_Action item_
Everything in the listing that follows should be reproduced exactly except the pictures.

_Collected data_
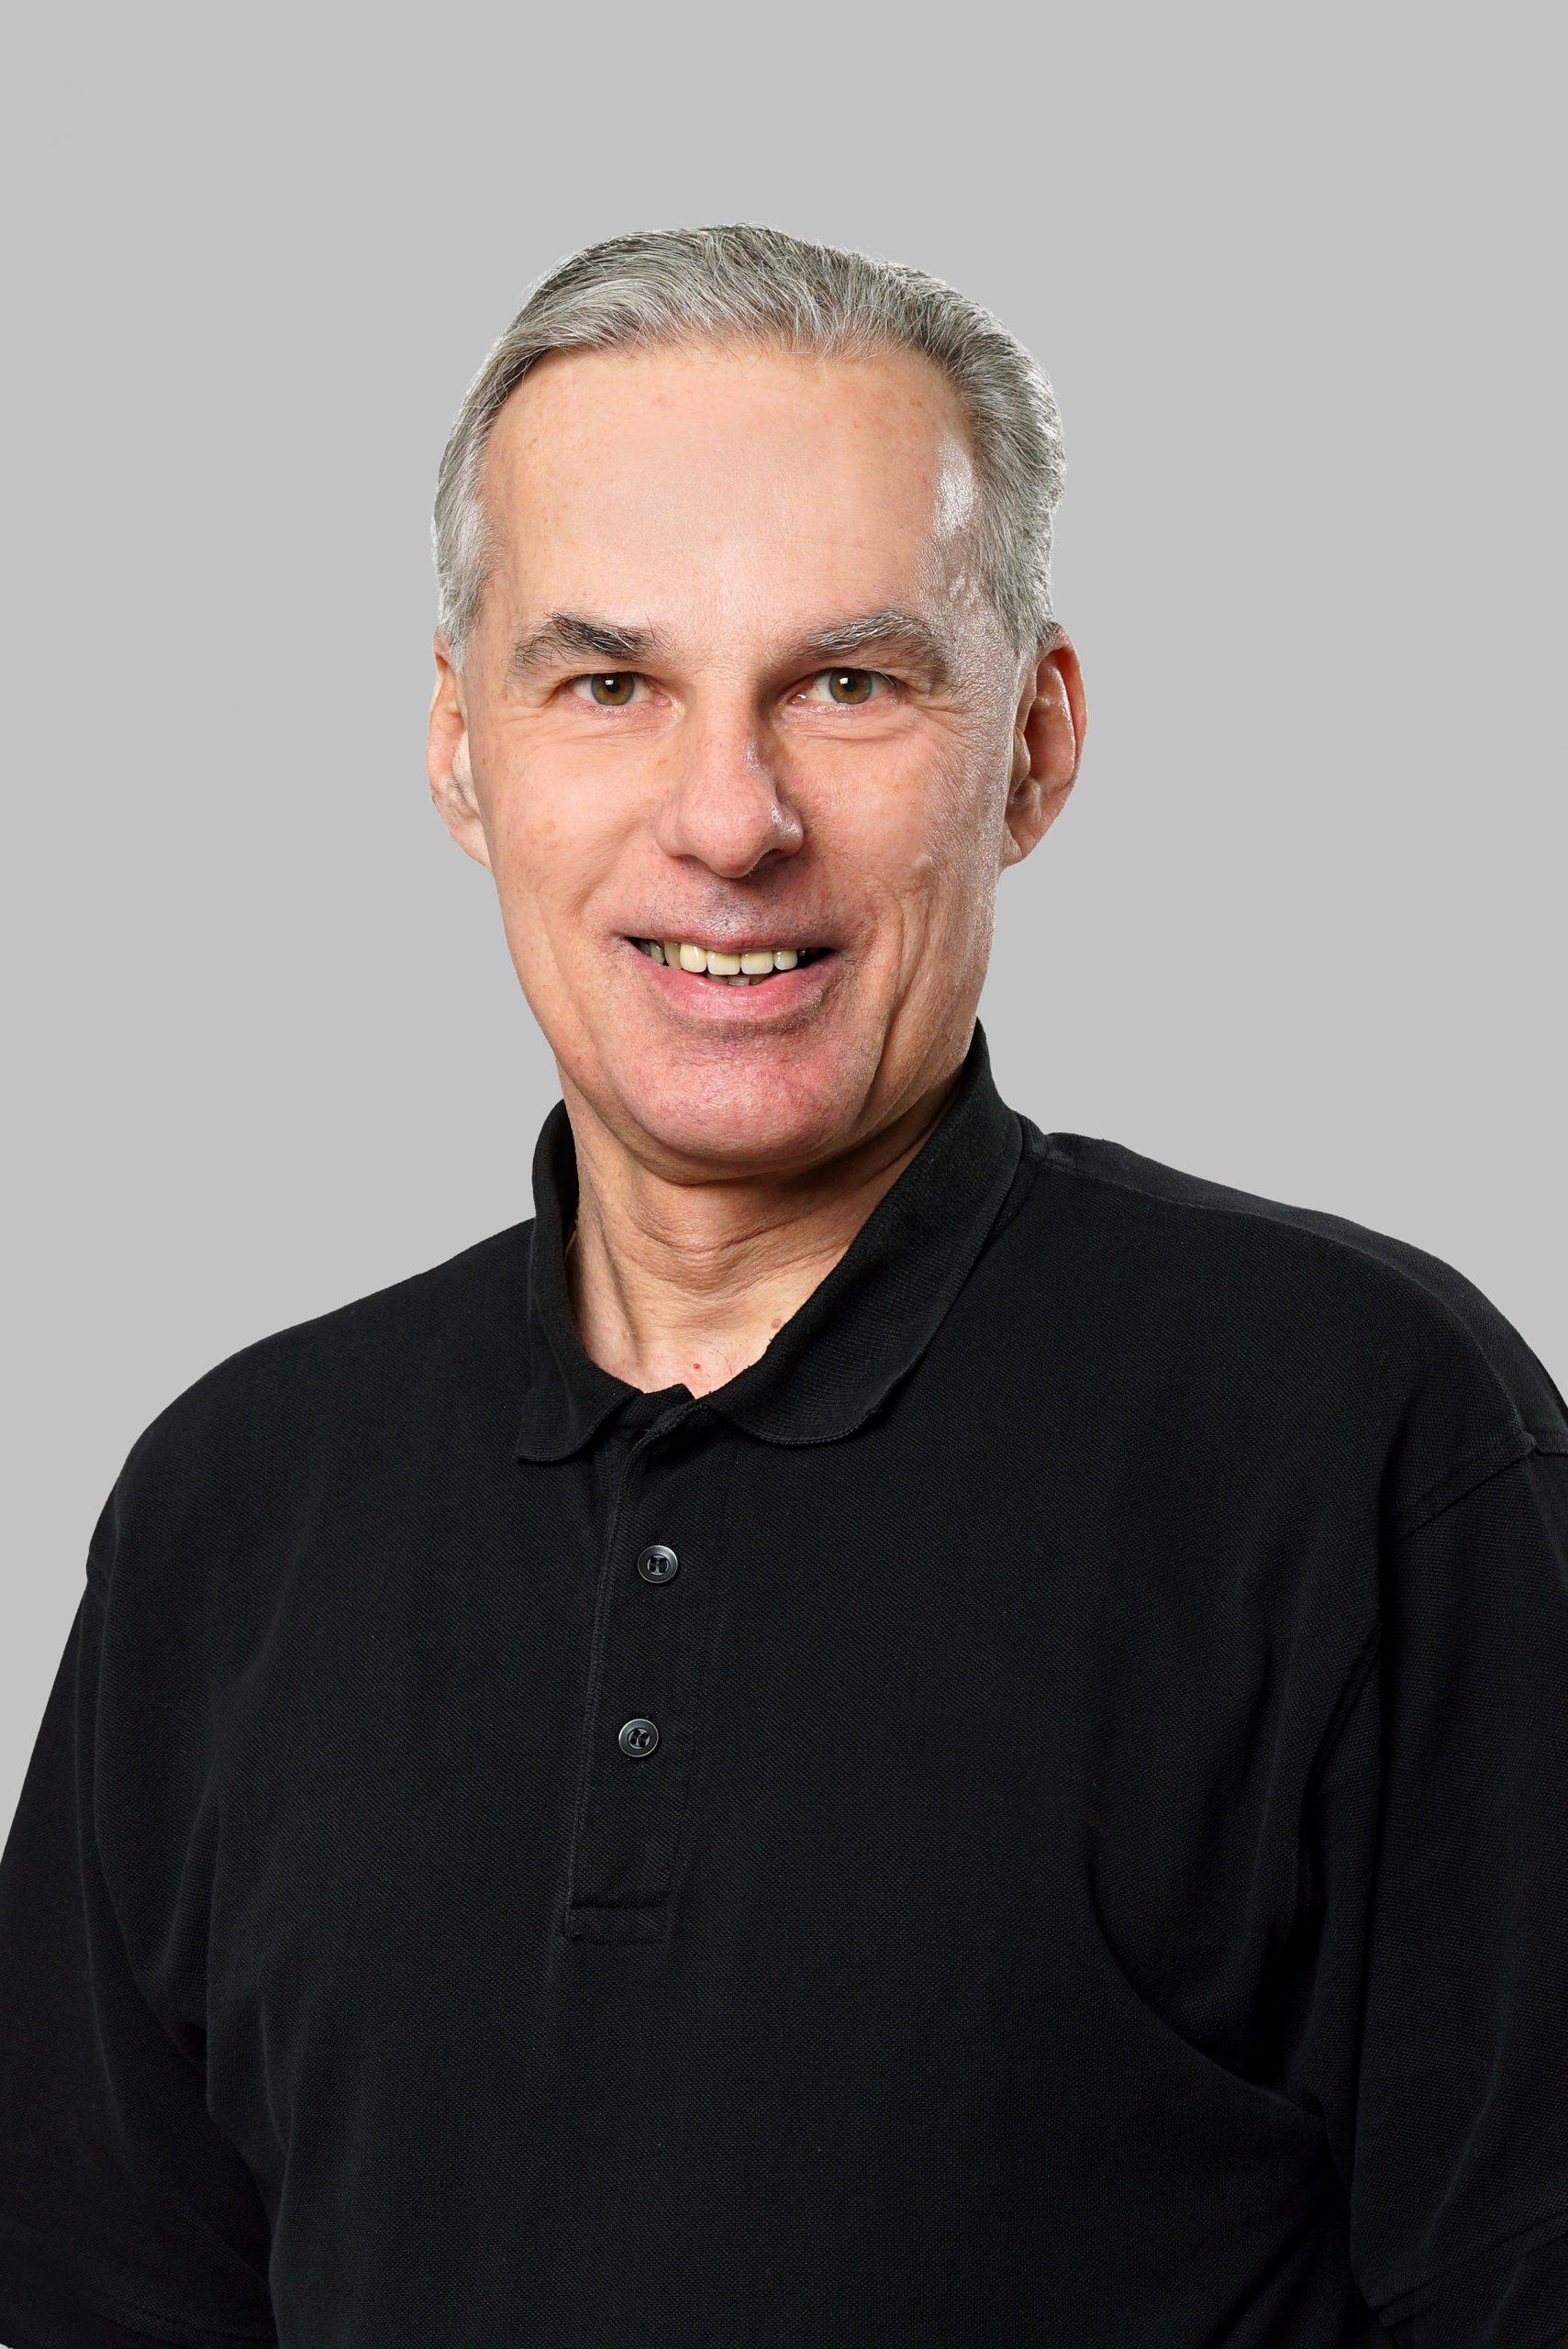 Frank Hofer
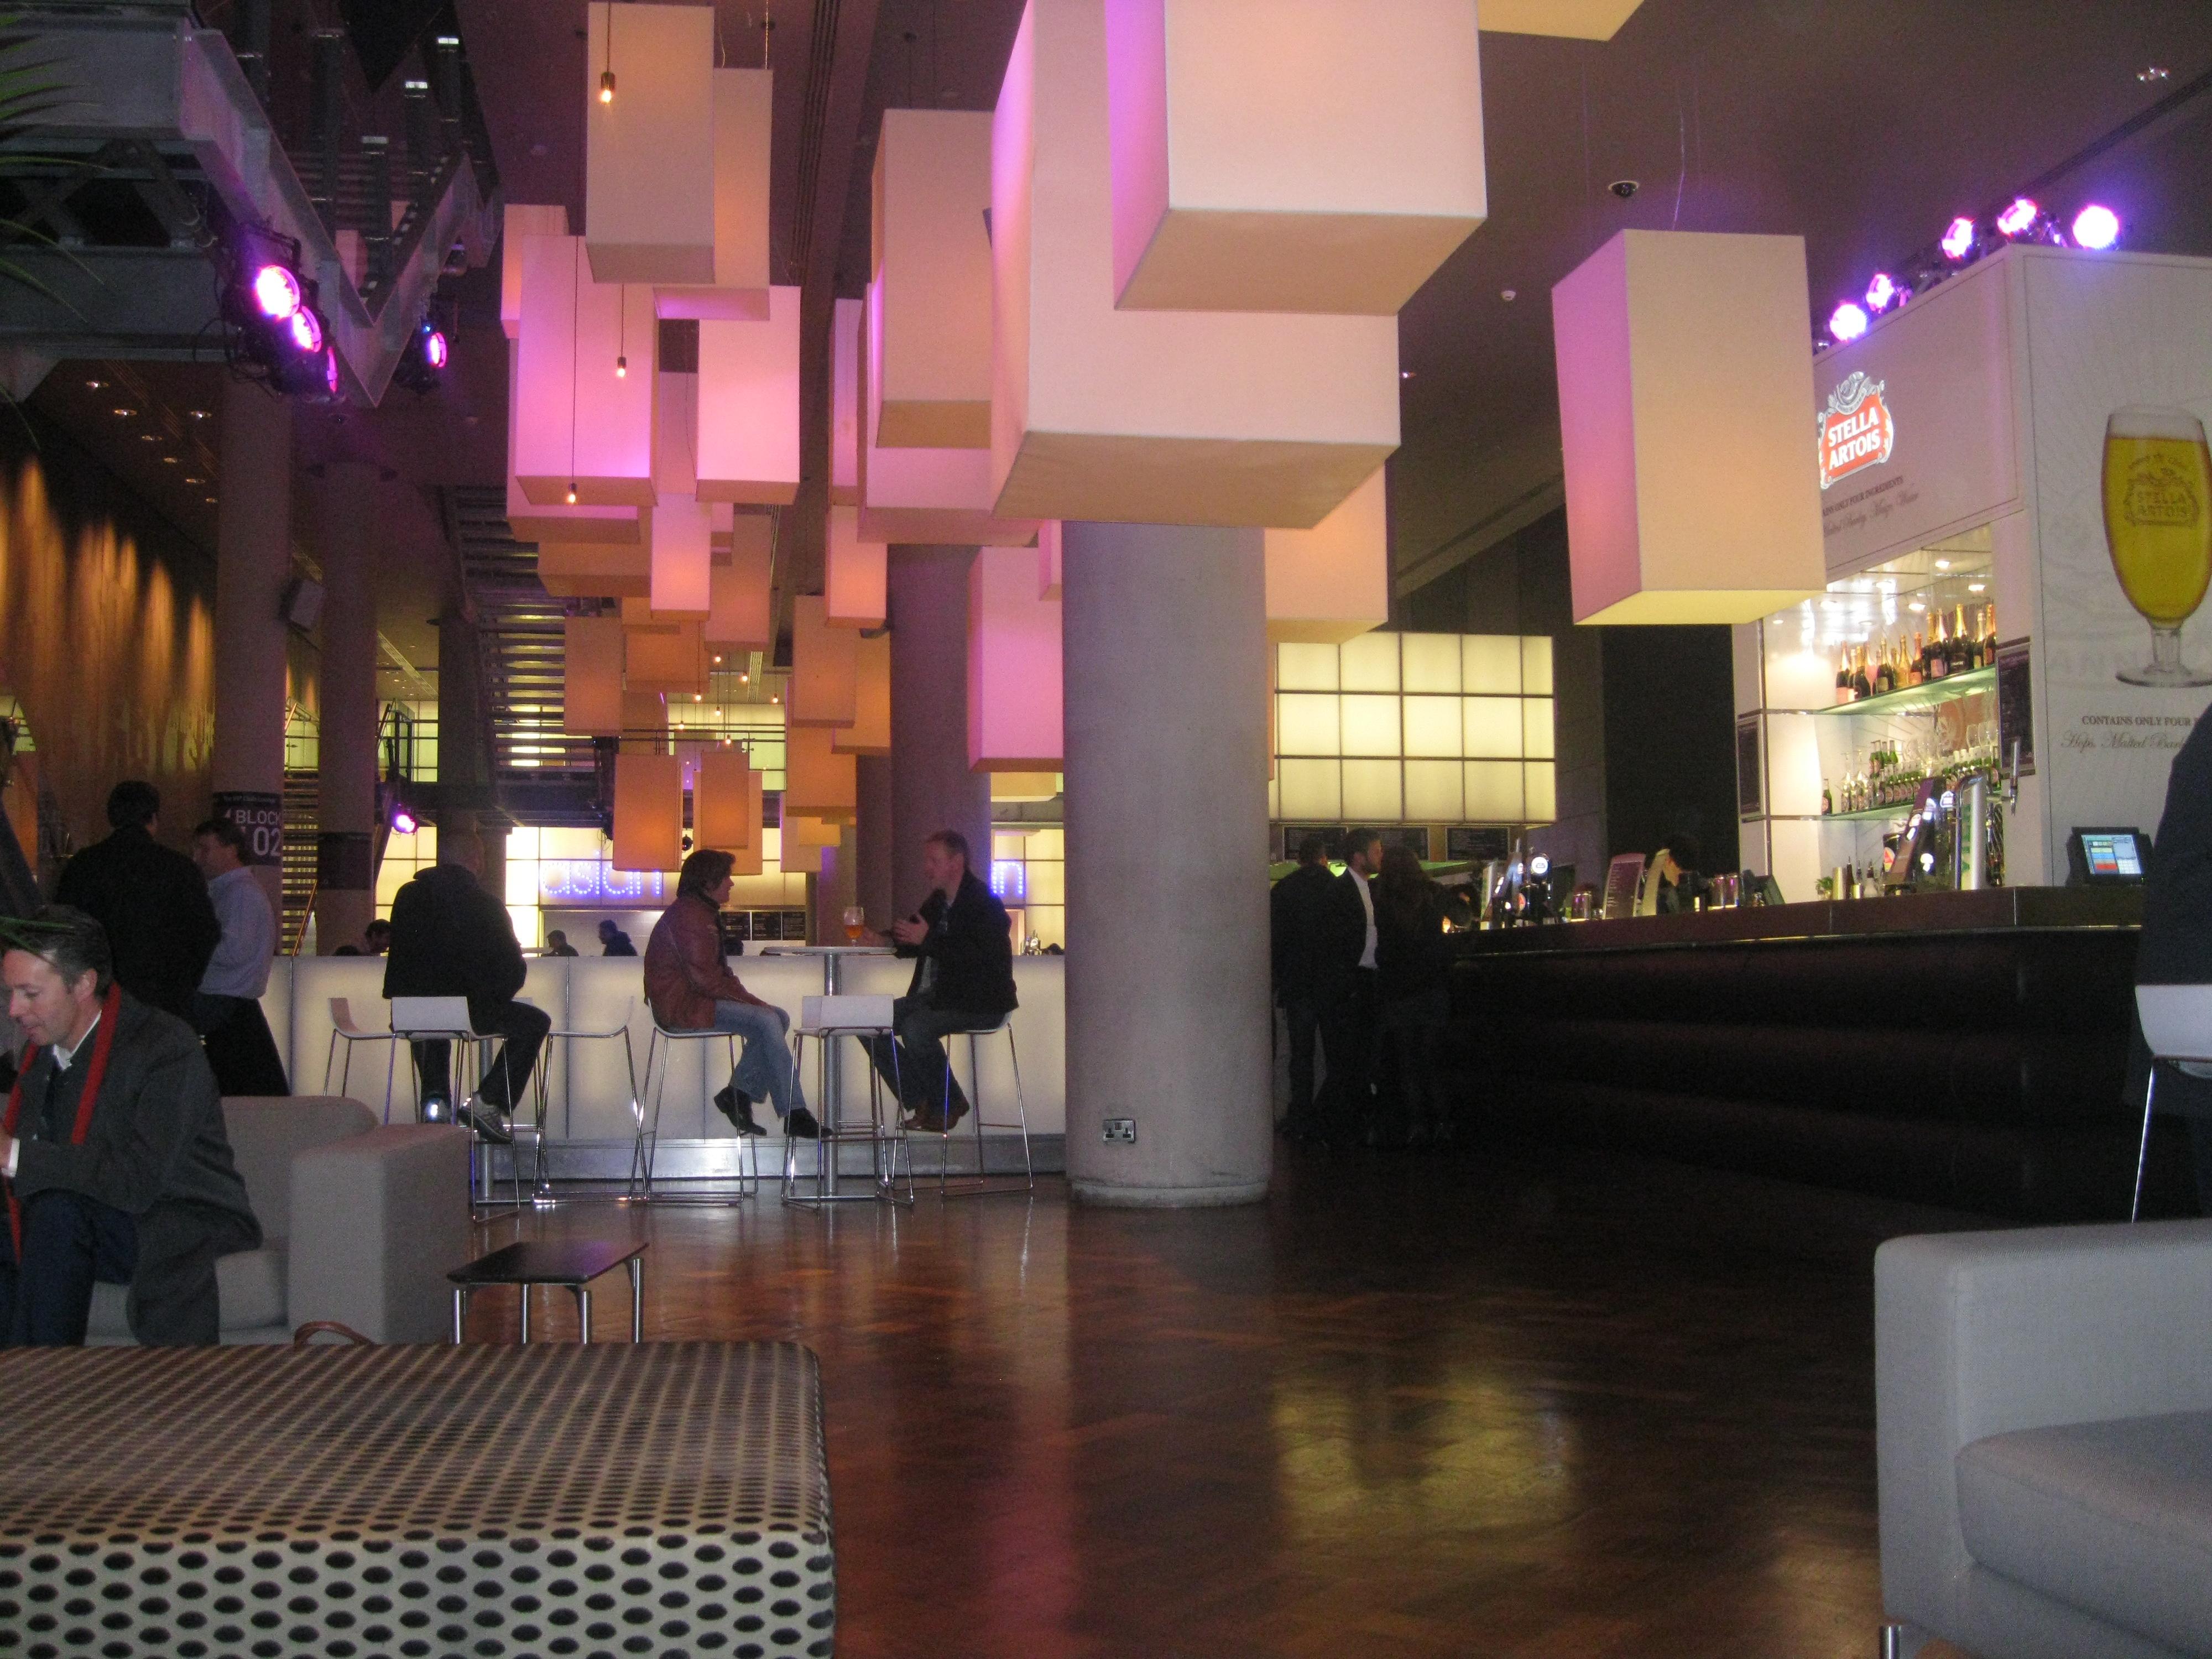 File:O2 VIP lounge 1.JPG - Wikimedia Commons
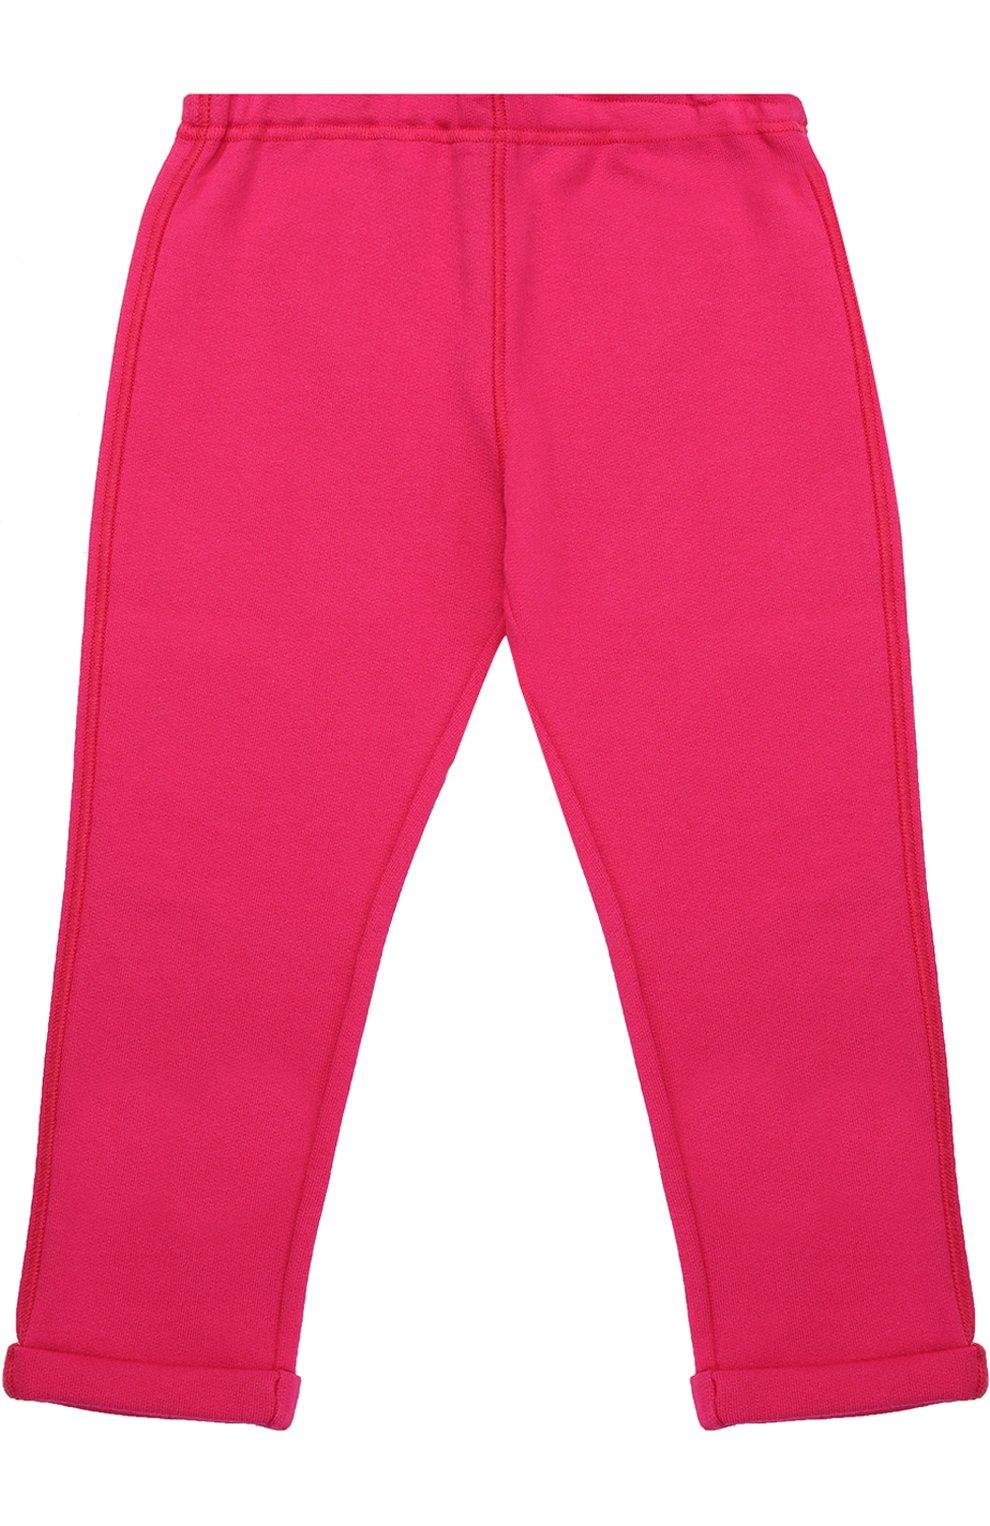 Детские брюки джерси с отворотами GUCCI розового цвета, арт. 458196/X5N29 | Фото 2

_Solution for this exercise_
 Frank Hofer
 File:O2 VIP lounge 1.JPG - Wikimedia Commons
 Детские брюки джерси с отворотами GUCCI розового цвета, арт. 458196/X5N29 | Фото 2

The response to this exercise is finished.